## Saturday, January 11, 2020

### Quantum Field Theory and the Standard Model

Quantum field theory (QFT) unifies Einstein's special relativity with quantum mechanics. QFT is the foundation of what physicists refer to as the Standard Model (SM), which is the theoretical framework that describes all known particles and their interactions except gravity. A word of caution on QFT. It is one of the most difficult subjects in science.
Quantum mechanics (QM) is based on three things:
1- Physical observable are operators
2- the Uncertainty principle
3- Commutation relations.

However, QM cannot describe particle reactions at relativistic high energy. That is why it is referred to as non-relativistic quantum mechanics (NRQM). Relativity states that:
E = mc2......(equation 1)

This equation relates energy to mass. This means that with high enough energy that is proportional to the particle's mass, then by equation 1, we can "create" the particle. Due to conservation laws, we need twice the particle's energy, so that we can create the particle and its antiparticle. So, in high energy reactions:
1- Particle number is not fixed
2- Types of particles present are not fixed.

The two facts are in direct conflict with NRQM. In NRQM, the dynamics of the system are described by the Schrodinger equation. In relativistic quantum mechanics (RQM), the dynamics of the system are described by the Dirac equation. In QM, we dealt with the coordinates and momenta as quantized variables. This process is called "first quantization". However, in QFT, we make the transition to "second quantization", where we quantize "fields" which have an infinite number of degrees of freedom. The transition from first to second quantization, that is from QM to QFT, we make the transition from three degrees of freedom, to an infinite number of degrees of freedom, described by the field. QFT consists of electromagnetic, weak and strong interactions. Electromagnetic and weak interactions were unified under one interaction, the Electro Weak (EW) interaction. Electromagnetic interactions are referred to as Quantum Electrodynamics (QED), and the strong interactions are referred to as Quantum Chromodynamics (QCD).

QFT or SM is the most successful theory in physics. The Higgs particle found in 2012 is one of the best confirmations of the SM. There are theories beyond the SM, such as Supersymmetry, Supergravity, and Superstring theories. However, none of the particles predicted by these theories have been found. My bet is that the next new particle that will be found at the Large Hadron Collider (LHC) will be a supersymmetric particle. Only time can tell.

newWorld

## Friday, January 3, 2020

### Dark Matter: The second highest stuff in the universe!

Dark matter is the elusive stuff in the Universe that interacts through gravity like ordinary matter, but it does not emit or absorb light. Dark matter contribution to the total energy density in the Universe is 26% while that of ordinary matter that is made of atoms is only 5%. The rest of the energy density, which is 69% is that of dark energy.

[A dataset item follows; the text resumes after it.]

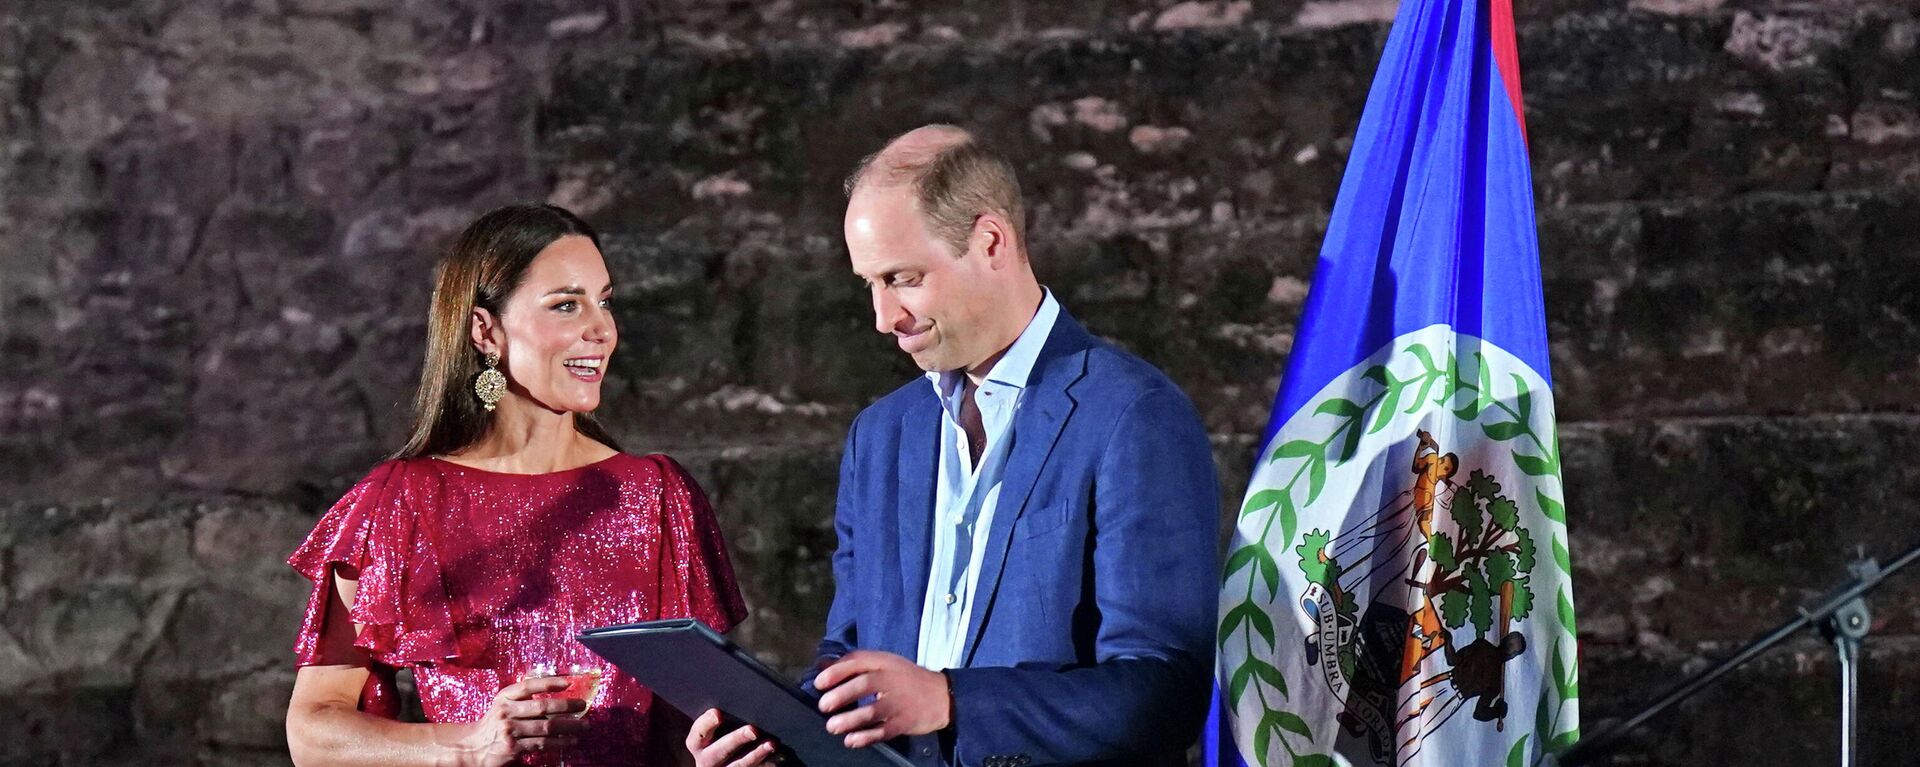 Prince William and Catherine, Duchess of Cambridge attend a special reception in celebration of the Queen's Platinum Jubilee, hosted by the Governor General of Belize Froyla Tzalam, on the third day of their tour of the Caribbean, at the Mayan ruins at Cahal Pech, Belize, March 21, 2022.  - Sputnik International, 1920, 22.03.2022
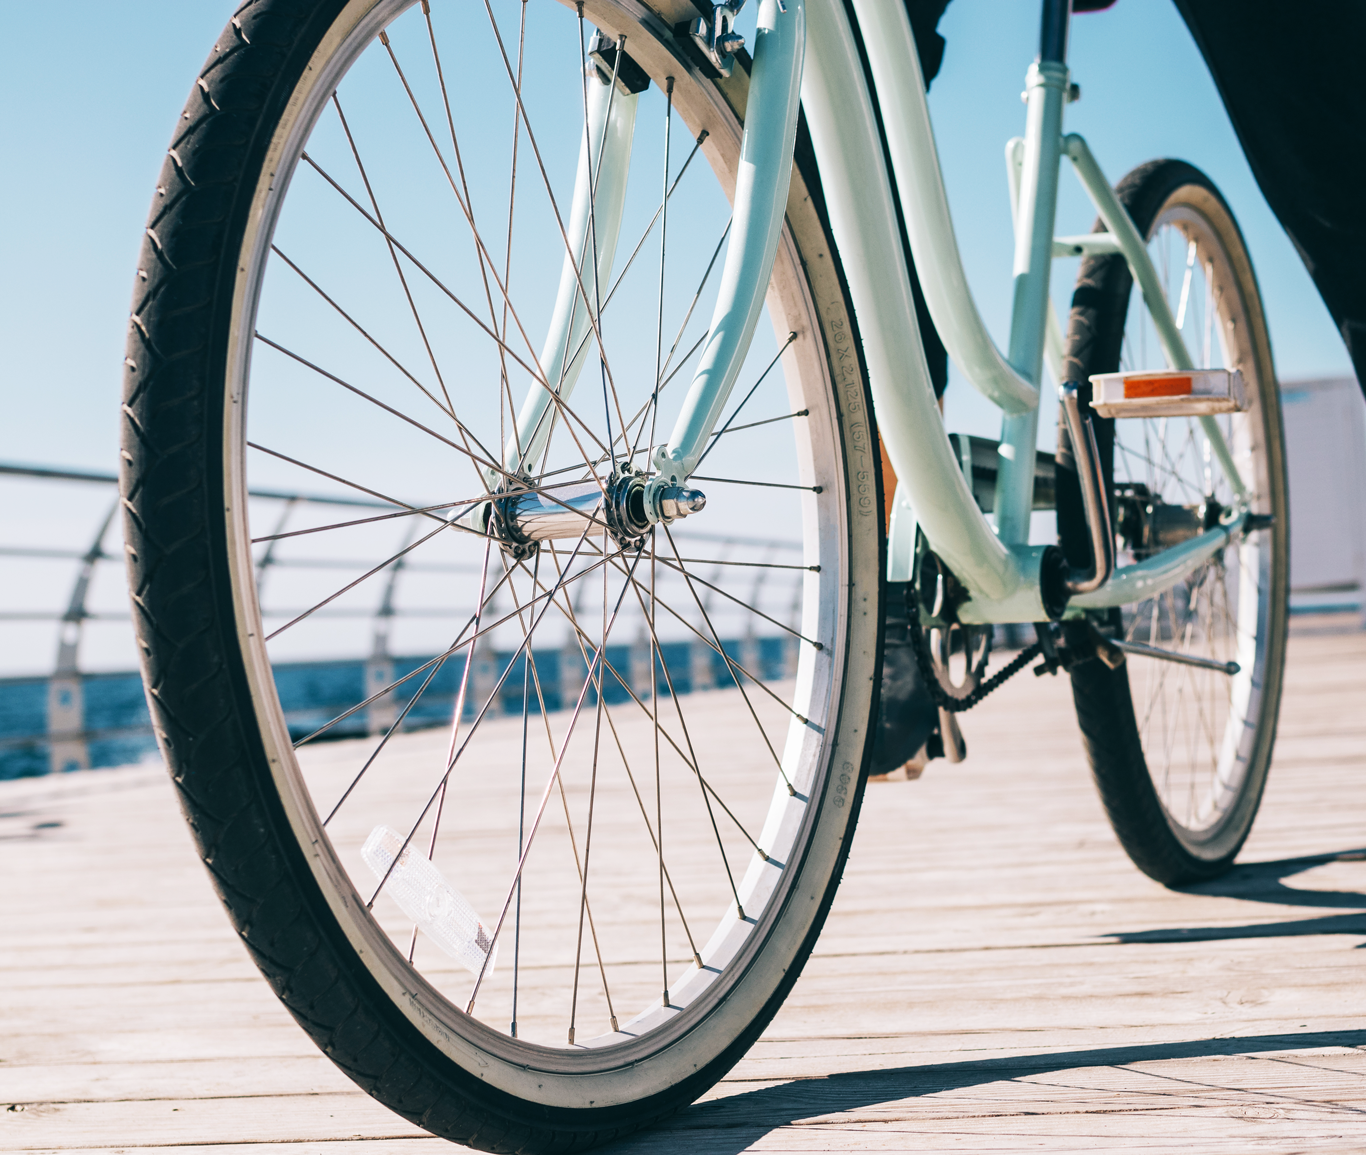 How do bicycles work? The science behind this 'simple' machine. - Bicycle Wheel 1366 0519.png?wiDth=2049&name=Bicycle Wheel 1366 0519

Astronomers detect dark matter gravitational influence but they do not see it. Imagine the challenges in understanding something that one cannot see. Billions of dark matter particles pass through each of us every second, yet no one notices because we cannot sense dark matter. Dark matter does not interact with light and dark matter is not made out of the same material as ordinary matter. It is not composed of atoms and elementary particles that we are familiar with.
When large amounts of dark matter aggregate into concentrated regions it's net gravitational influence is substantial, leading to measurable influences on stars and on nearby galaxies. Dark matter affects the expansion of the Universe, the path of light passing to us from distant galaxies, the orbits of stars and many other measurable phenomena in ways that convince us of its existence.
Dark matter might sound like an exotic suggestion to some, but proposing its existence is far less rash than revising the laws of gravity, as dark matter skeptics might prefer. Dark matter is likely to have a more or less conventional explanation that is completely consistent with all known physical laws. After all, why should all matter that acts in accordance with known laws of gravity behave exactly like familiar matter? Why should all matter interact with light? Dark matter can simply be a matter that has different or no fundamental charges. Without electric charge or interactions with charged particles, the dark matter simply cannot absorb or emit light.
The main candidate for dark matter is a new elementary particle called WIMP ( weakly interacting massive particle). Dark matter is of two kinds: cold (CDM) or hot ( HDM) depending on its velocity. Pif the particle velocity is slow compared to that of light then it is referred to as cold dark matter. However, if it moves with a velocity close to that of light then it is referred to as hot dark matter. The main candidate for HDM is the neutrino.